# Boil on feathered Leg/Foot



## bozville (Oct 6, 2013)

Hello, I have a white Langshan chicken. It started limping a few weeks ago and I originally thought it may have injured itself when jumping off one of the roosting bars. Upon further inspection however, I discovered it's currently in the process of molting and a large boil has developed near its foot. I suspect this may be due to a blocked feather (similar to an ingrown hair on humans). How should I treat this?


----------



## Bee (Jun 20, 2013)

Could you post a pic? Traditionally, a boil would be lanced, expressed of all the pus and if it has a core, the core removed. Then it would receive antibiotic ointment after being flushed and either wrapped to protect it from contamination of the fresh wound, or left open to air to drain and heal.


----------



## bozville (Oct 6, 2013)

Not the greatest picture, but hopefully it'll suffice.


----------



## Bee (Jun 20, 2013)

That one should be relatively easy to excise and drain and wouldn't even need to have a wrap to keep out debris being as it's up on the shank a good bit. You could wrap it the first day but after that I'd just apply a good coat of antibiotic ointment and let it get air, particularly if you live where it is humid. 

Check it every couple of days for signs of infection but otherwise, if the bird is healthy and you have healthy coop/run conditions, it should heal nicely.


----------



## bozville (Oct 6, 2013)

Ok, thanks Bee. I appreciate the quick response! I'll give that a try.


----------



## robin416 (Sep 8, 2013)

The quality of this photo is really poor. I would like you to keep us updated. Why? Your pic makes it look very much like a cancerous tumor one of my birds had on his leg. I can't see a hot spot in that photo. I see unblemished pink skin.


----------



## Bee (Jun 20, 2013)

I was thinking tumor as well, just by looking at the shape and shine to it, but one never knows until they open it. If no pus, no core, just bloody, meaty tissue, I'd just clip the whole thing off and dress it as per recommended and see if it grows back. If it does, this is a bird I'd cull.


----------



## robin416 (Sep 8, 2013)

Not quite that simple, Bee. My vet did remove the growth on my boy's leg. He nearly bled out. I had to keep a compression bandage on his leg until the day I had him put down because the bleeding was tremendous.


----------



## Bee (Jun 20, 2013)

Yep, that could happen. But not everyone takes a bird to the vet and there is only one way to do things when vetting at home....open it up and see. If it bleeds, it will bleed and compression is a natural reaction. If it won't stop bleeding, the bird is a cull. If it does stop bleeding, that's great. 

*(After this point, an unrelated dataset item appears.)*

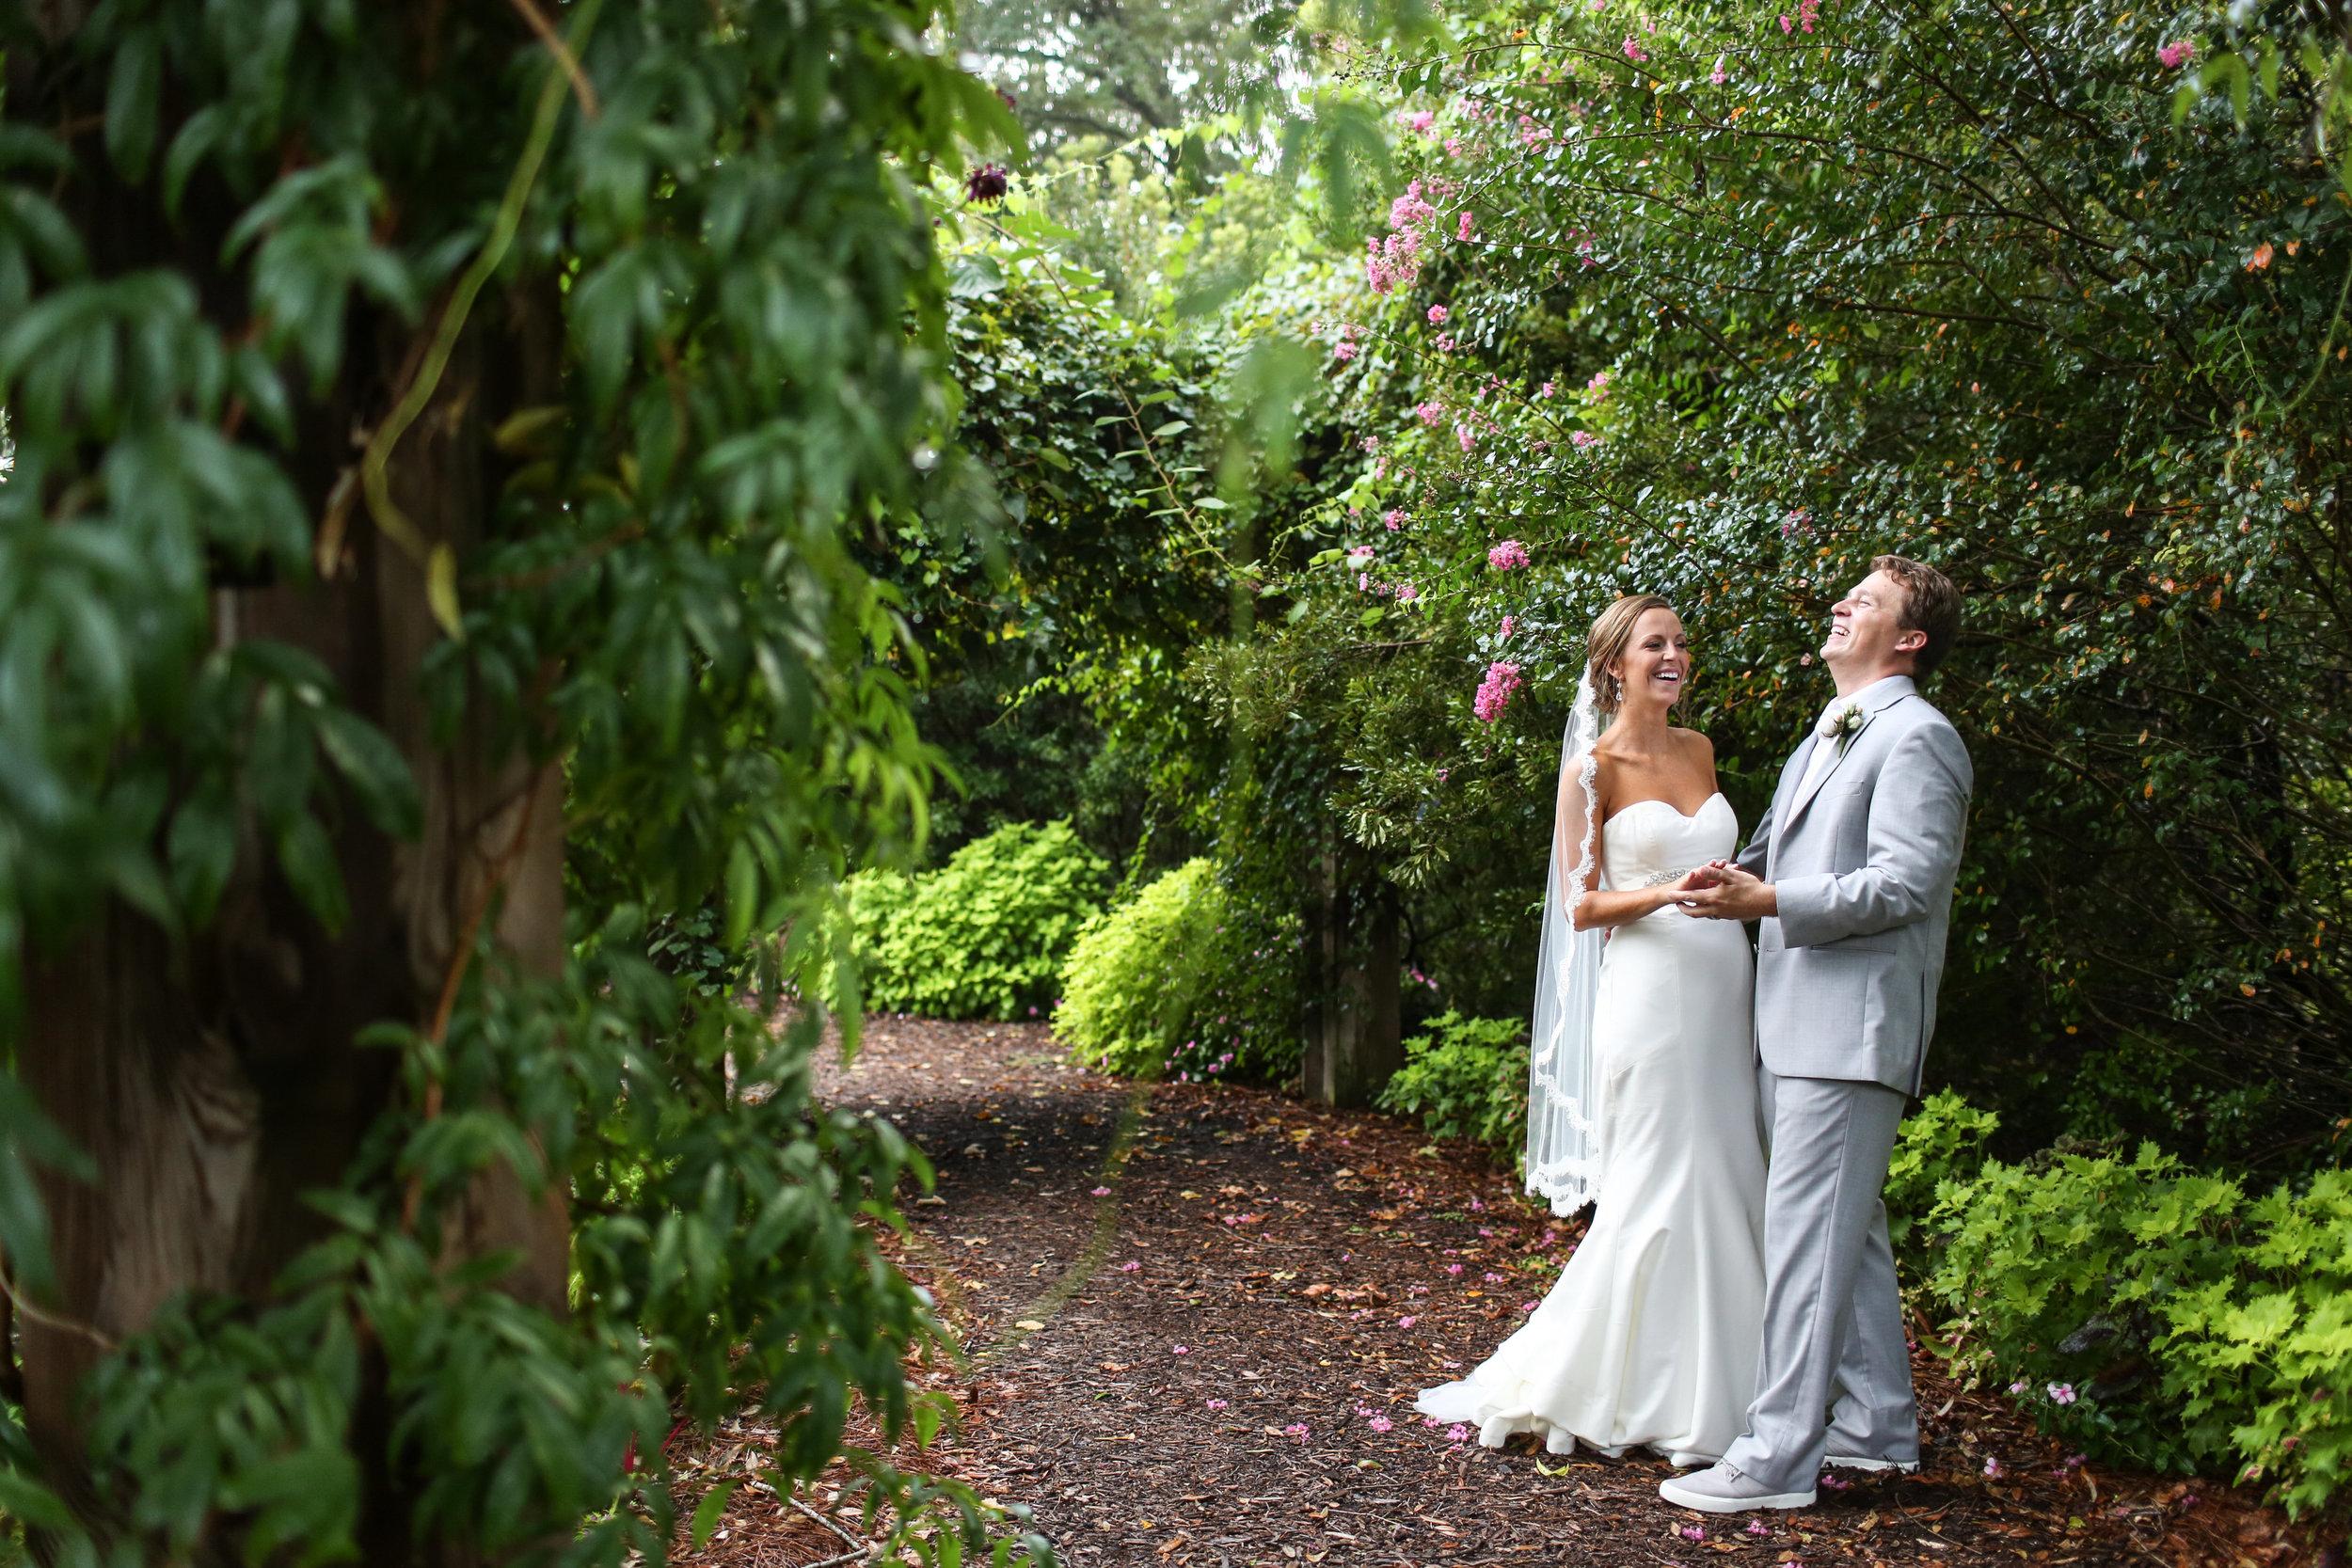 finnegan-photography-ivory-and-beau-bridal-boutique-nicole-miller-dakota-jaclyn-jordan-anne-veil-savannah-bridal-boutique-savannah-wedding-dresses-savannah-weddings-statesboro-wedding-barn-wedding-savannah-bridal-georgia-bridal-boutique-19.jpg
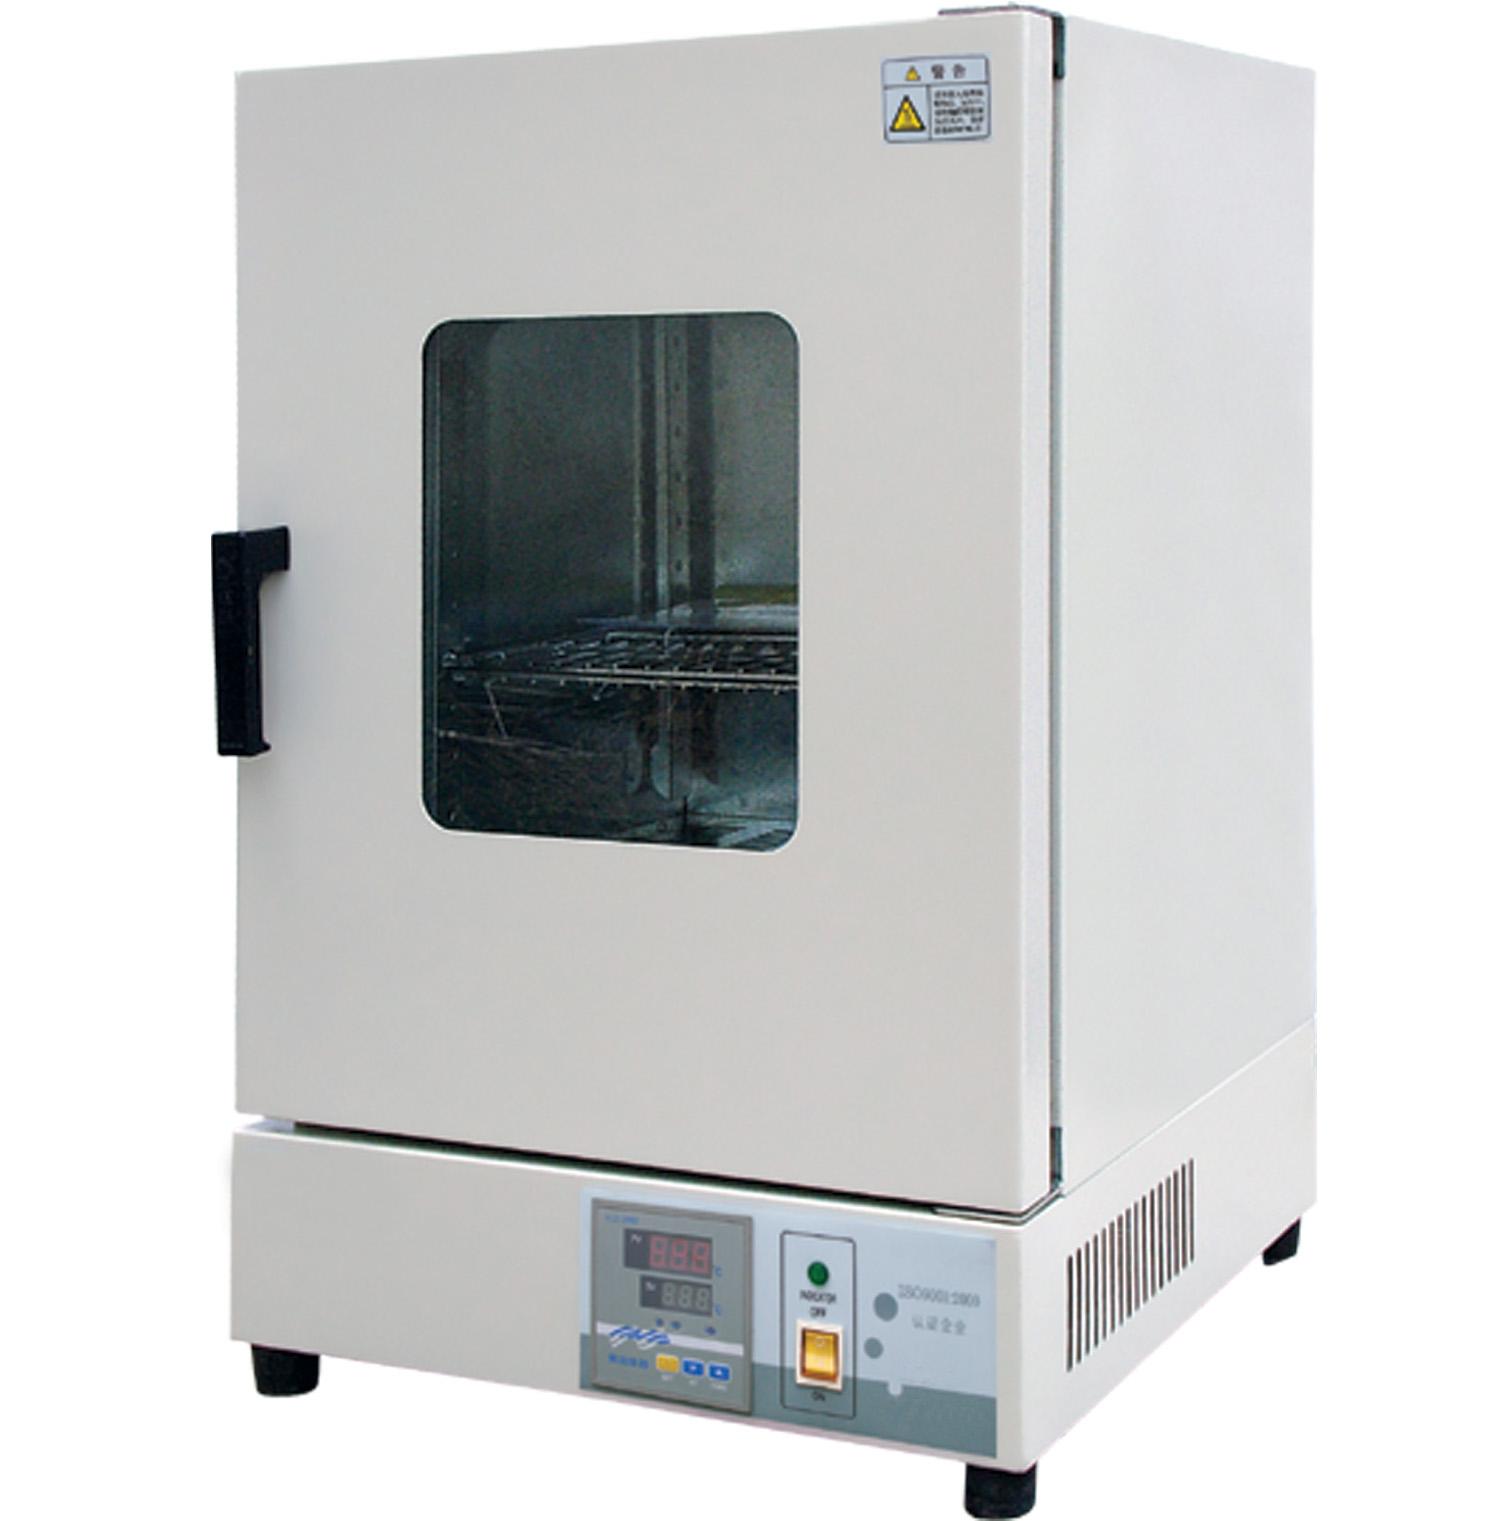 101-1as(101a-1s)数显不锈钢内胆鼓风干燥箱

I'd never recommend taking a chicken to the vet, so my recommendation stands.


----------



## robin416 (Sep 8, 2013)

That is for you and your set up. There are those of us that raise birds that have considerable value beyond the eggs or meat they produce. To lose one of them because a vet didn't intervene is costly to the breeder and the breeder program.


----------



## Bee (Jun 20, 2013)

True. But the OP didn't ask should they take it to the vet, they asked what they should do about it if it's a boil. If they had asked, should I take it to the vet, my answer would have been the same...I wouldn't. I can only give advice based on my own set up because that is the limit of my experience. 

You gave advice based on the limits of your experience and that is right and proper. I cannot give advice based on your setup as I do not have experience with your setup. 

Anyone asking advice on a public forum should have reasonable expectations of receiving advice based on the other people's perspective and that must be the desired response or they wouldn't ask for advice on a public forum that is not being run by and peopled by veterinarians. 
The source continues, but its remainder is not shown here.